## WHAT IS REQUIRED
Search the data for the word "della". Reproduce every line where it is found.

————

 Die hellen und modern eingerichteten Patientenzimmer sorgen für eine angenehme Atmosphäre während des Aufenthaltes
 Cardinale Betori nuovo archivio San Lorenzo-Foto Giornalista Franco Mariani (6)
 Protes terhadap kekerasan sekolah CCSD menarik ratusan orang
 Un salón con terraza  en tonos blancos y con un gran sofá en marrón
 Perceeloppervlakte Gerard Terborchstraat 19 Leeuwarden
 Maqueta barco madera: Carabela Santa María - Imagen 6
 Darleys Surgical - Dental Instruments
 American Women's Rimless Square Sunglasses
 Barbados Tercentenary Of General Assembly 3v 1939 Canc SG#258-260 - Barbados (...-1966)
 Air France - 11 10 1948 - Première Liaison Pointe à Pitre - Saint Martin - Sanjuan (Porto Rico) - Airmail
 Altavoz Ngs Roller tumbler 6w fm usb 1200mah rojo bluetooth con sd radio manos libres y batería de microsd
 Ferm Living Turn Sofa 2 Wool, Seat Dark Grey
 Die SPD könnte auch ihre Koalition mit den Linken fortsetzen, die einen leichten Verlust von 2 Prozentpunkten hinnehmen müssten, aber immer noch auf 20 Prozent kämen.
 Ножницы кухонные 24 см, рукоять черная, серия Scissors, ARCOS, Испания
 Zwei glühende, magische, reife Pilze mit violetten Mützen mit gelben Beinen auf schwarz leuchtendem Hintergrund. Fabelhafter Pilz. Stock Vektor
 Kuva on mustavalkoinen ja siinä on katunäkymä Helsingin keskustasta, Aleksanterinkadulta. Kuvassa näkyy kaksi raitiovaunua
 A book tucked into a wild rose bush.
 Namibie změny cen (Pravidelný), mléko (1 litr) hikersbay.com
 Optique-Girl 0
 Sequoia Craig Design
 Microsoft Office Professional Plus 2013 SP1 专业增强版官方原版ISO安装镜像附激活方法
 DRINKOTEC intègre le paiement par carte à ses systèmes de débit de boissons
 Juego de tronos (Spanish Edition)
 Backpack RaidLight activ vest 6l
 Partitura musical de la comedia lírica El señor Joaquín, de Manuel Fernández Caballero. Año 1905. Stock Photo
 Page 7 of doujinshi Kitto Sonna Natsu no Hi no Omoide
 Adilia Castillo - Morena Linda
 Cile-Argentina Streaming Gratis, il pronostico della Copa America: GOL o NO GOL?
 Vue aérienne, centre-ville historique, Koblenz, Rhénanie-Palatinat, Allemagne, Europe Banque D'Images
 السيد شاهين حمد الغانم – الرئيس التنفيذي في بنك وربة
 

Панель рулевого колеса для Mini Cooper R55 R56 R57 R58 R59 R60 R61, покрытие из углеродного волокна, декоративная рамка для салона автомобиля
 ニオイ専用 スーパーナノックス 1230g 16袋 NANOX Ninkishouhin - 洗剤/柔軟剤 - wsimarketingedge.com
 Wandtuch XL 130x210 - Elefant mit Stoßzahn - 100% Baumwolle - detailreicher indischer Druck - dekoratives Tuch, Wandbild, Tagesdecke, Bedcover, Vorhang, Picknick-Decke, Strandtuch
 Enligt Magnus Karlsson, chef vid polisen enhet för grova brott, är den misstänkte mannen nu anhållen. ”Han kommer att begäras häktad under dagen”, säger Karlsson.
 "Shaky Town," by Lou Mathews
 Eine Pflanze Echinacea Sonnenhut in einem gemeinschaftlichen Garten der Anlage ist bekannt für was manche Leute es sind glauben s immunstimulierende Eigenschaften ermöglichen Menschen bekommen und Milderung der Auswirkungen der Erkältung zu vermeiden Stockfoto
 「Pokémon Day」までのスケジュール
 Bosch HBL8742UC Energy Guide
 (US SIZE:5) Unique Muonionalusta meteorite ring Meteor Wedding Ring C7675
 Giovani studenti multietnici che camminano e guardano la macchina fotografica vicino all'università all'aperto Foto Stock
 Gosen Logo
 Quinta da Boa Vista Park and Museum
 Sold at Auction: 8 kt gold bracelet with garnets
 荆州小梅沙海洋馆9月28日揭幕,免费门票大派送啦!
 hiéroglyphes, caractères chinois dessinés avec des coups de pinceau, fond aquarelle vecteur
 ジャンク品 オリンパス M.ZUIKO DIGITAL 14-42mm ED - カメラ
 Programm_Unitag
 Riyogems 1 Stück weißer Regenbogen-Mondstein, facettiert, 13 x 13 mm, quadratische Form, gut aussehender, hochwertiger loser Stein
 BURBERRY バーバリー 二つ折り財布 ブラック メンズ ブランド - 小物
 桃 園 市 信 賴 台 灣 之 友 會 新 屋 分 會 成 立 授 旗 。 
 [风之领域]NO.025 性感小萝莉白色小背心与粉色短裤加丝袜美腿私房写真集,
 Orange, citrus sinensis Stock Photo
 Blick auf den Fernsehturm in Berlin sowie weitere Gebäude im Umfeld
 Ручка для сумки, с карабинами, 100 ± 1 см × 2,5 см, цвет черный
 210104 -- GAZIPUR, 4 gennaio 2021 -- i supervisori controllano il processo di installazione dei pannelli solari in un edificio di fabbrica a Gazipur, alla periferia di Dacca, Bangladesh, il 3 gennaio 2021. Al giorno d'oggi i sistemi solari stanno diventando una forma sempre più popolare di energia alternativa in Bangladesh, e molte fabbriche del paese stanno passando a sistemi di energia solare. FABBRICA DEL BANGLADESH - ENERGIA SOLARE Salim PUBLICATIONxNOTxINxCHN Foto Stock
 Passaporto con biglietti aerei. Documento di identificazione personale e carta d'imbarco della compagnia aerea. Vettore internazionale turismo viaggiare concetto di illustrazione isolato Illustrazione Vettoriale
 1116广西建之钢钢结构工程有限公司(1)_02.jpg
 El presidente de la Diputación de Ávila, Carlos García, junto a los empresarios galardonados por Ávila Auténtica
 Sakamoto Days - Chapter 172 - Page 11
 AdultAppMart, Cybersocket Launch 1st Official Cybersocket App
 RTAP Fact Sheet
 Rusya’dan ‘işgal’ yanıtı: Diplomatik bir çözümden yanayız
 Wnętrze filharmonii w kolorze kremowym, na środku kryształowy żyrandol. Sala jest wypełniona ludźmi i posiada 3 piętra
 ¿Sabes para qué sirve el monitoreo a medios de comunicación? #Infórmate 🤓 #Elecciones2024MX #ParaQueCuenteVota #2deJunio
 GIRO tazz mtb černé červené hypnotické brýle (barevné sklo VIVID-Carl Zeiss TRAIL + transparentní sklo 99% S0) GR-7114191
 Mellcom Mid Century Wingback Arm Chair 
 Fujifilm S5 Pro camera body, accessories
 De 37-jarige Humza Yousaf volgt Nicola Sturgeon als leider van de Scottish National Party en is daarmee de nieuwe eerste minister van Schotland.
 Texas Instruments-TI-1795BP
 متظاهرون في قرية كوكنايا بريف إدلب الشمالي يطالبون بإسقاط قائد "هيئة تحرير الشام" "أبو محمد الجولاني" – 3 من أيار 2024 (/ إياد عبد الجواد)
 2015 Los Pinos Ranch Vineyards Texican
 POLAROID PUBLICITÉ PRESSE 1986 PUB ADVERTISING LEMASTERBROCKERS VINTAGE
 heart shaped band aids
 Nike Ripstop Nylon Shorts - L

————

## THE ANSWER
 Cile-Argentina Streaming Gratis, il pronostico della Copa America: GOL o NO GOL?
 Passaporto con biglietti aerei. Documento di identificazione personale e carta d'imbarco della compagnia aerea. Vettore internazionale turismo viaggiare concetto di illustrazione isolato Illustrazione Vettoriale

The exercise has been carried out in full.